Set down the data below exactly; pictures stay out.

■ Data section ■
[Start of section]

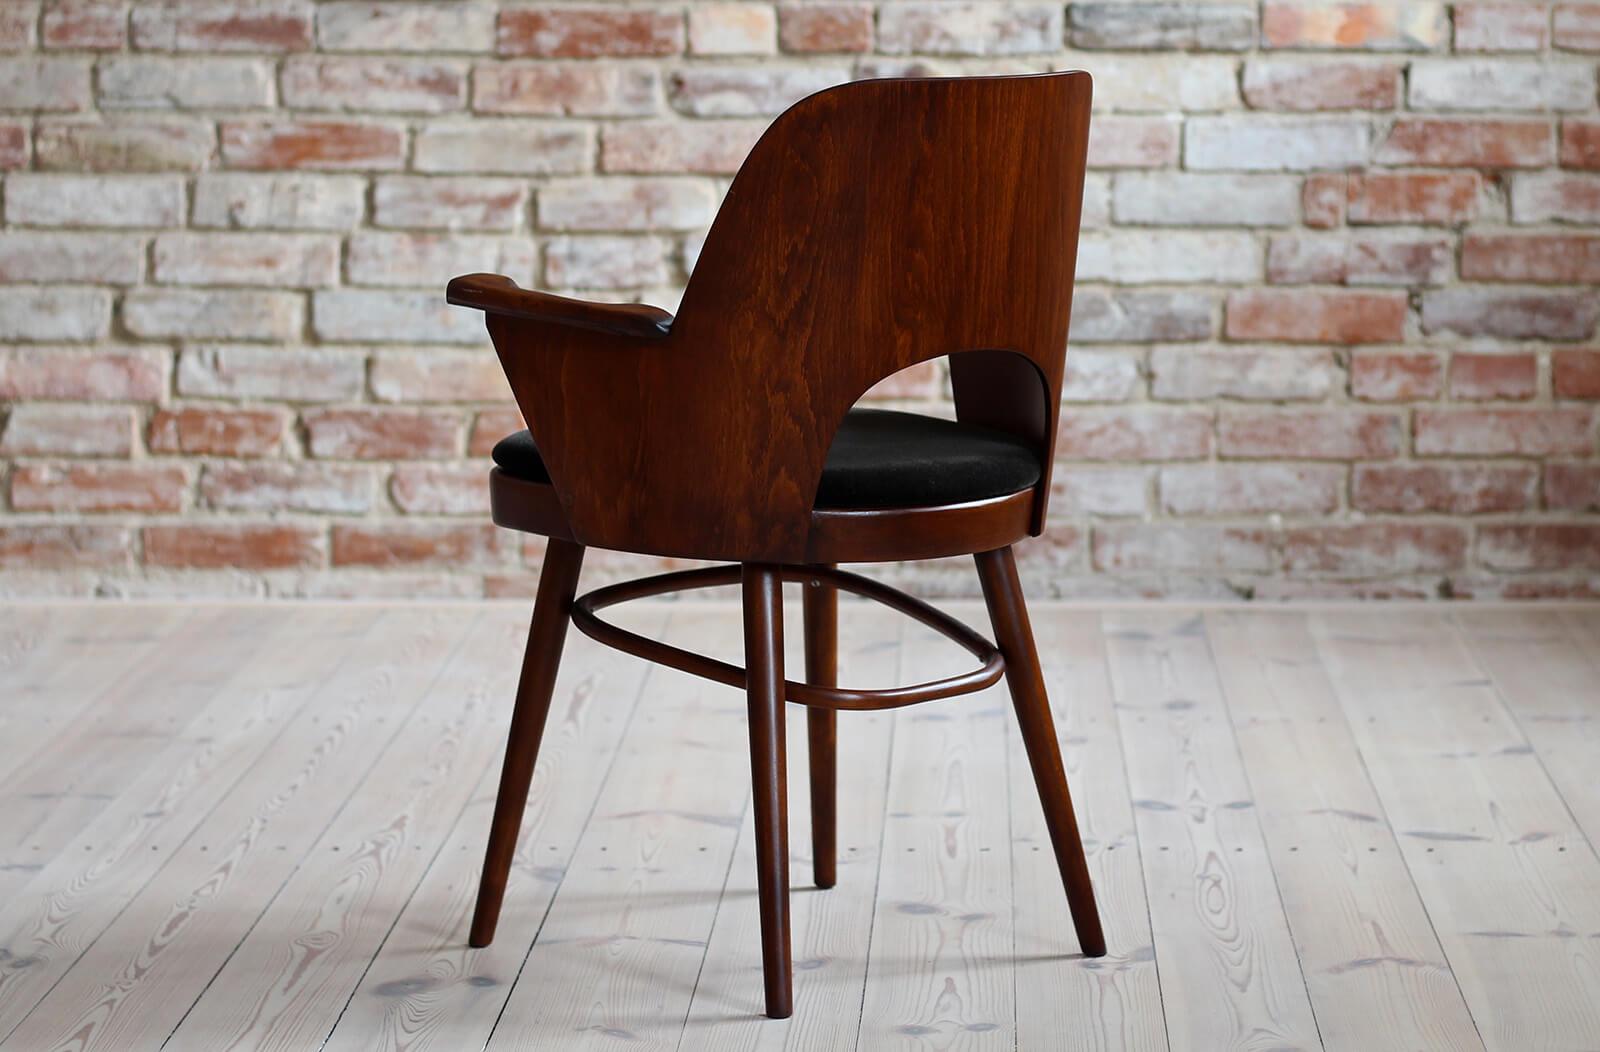 Set of 4 Midcentury Dining Chairs by L. Hofmann, Reupholstered in Kvadrat Fabric 5
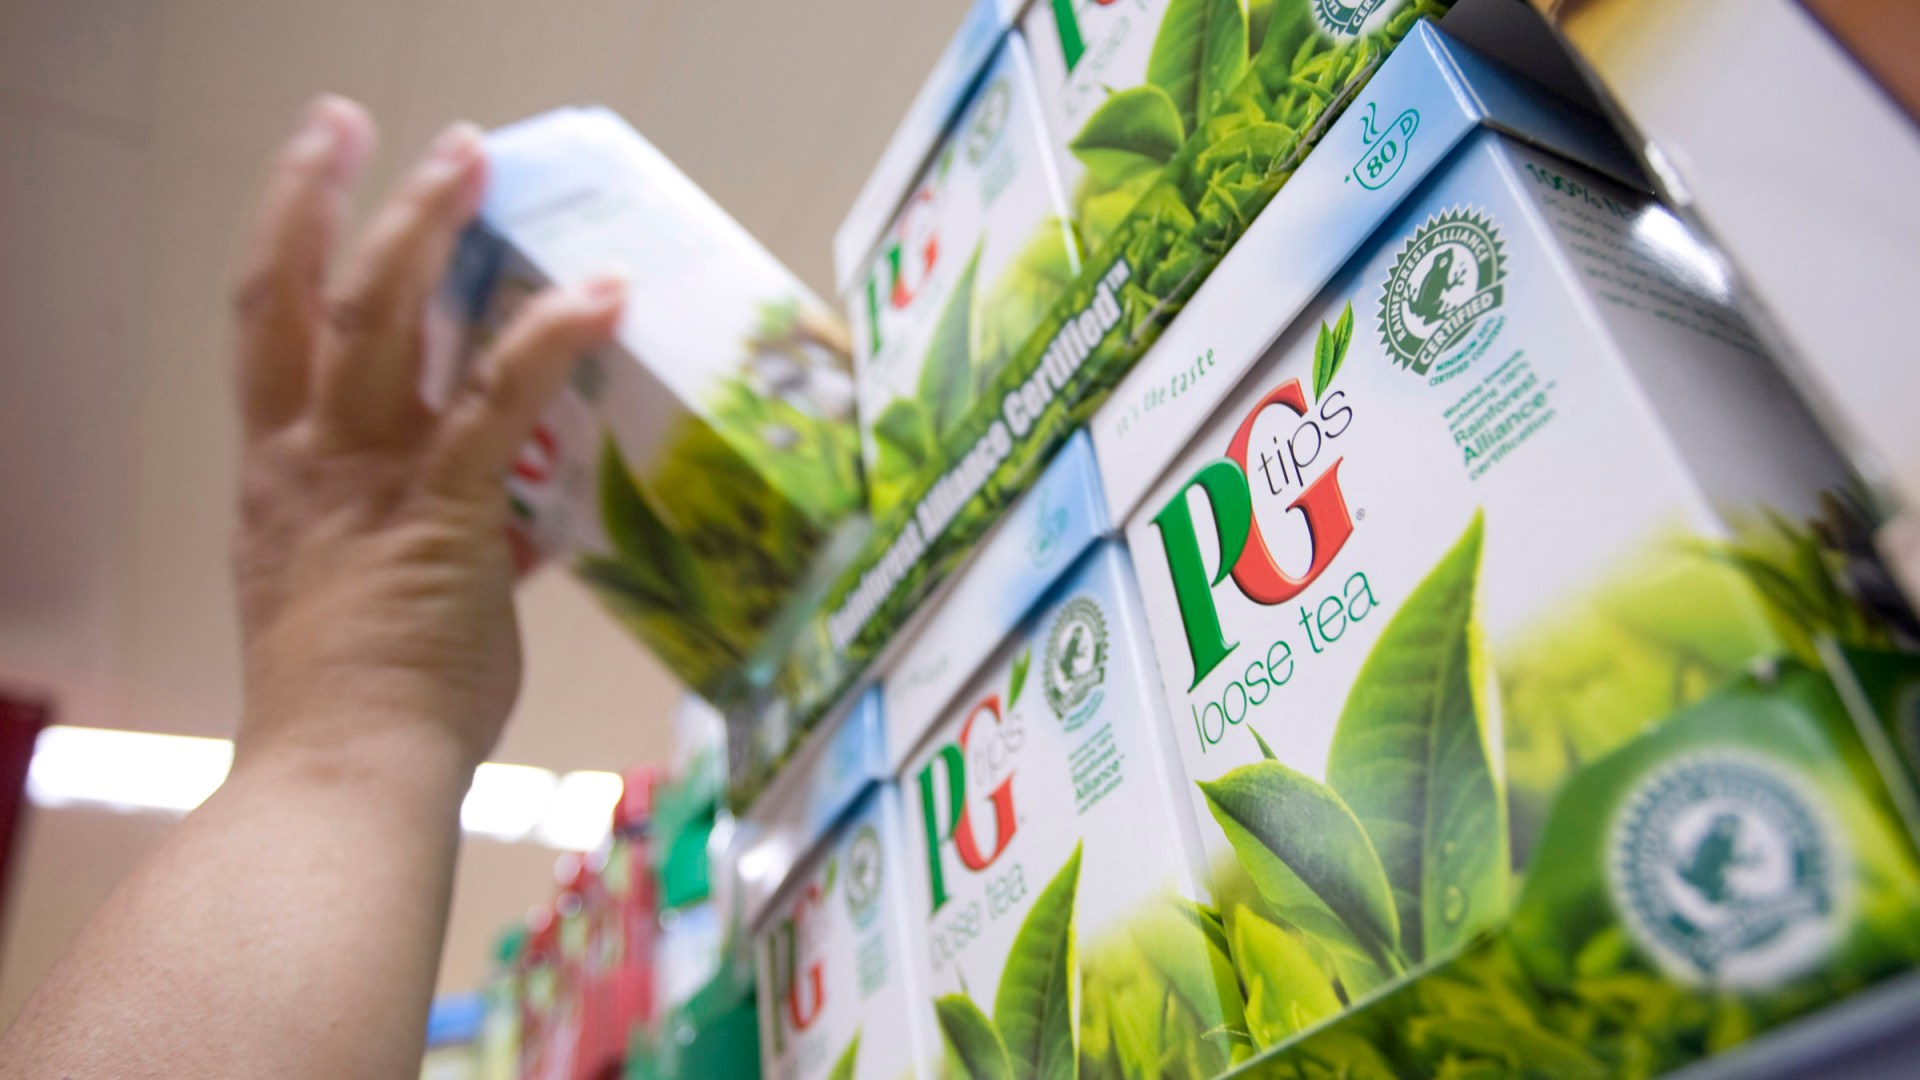 PG Tips forced to splash out £50m developing new tea bag because we’ve been brewing our cuppas all wrong
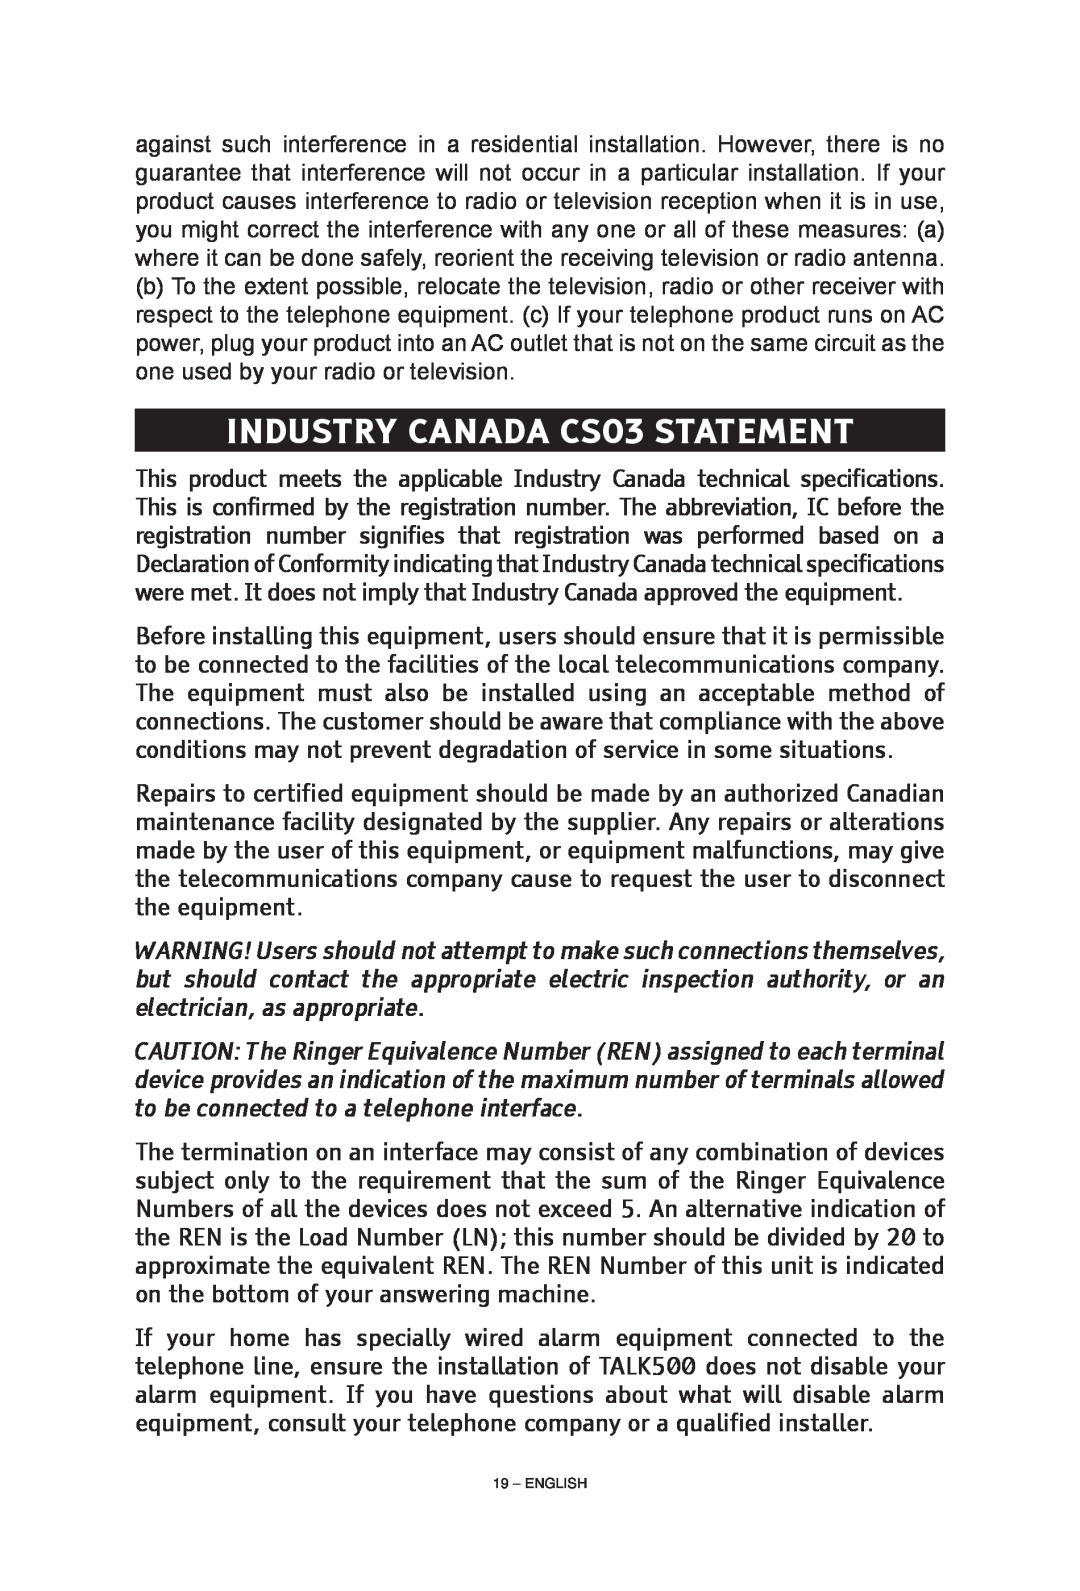 ClearSounds CS-A55 manual INDUSTRY CANADA CS03 STATEMENT, English

[End of section]

■ Answer for the task ■
 Set of 4 Midcentury Dining Chairs by L. Hofmann, Reupholstered in Kvadrat Fabric 5
 PG Tips forced to splash out £50m developing new tea bag because we’ve been brewing our cuppas all wrong
 ClearSounds CS-A55 manual INDUSTRY CANADA CS03 STATEMENT, English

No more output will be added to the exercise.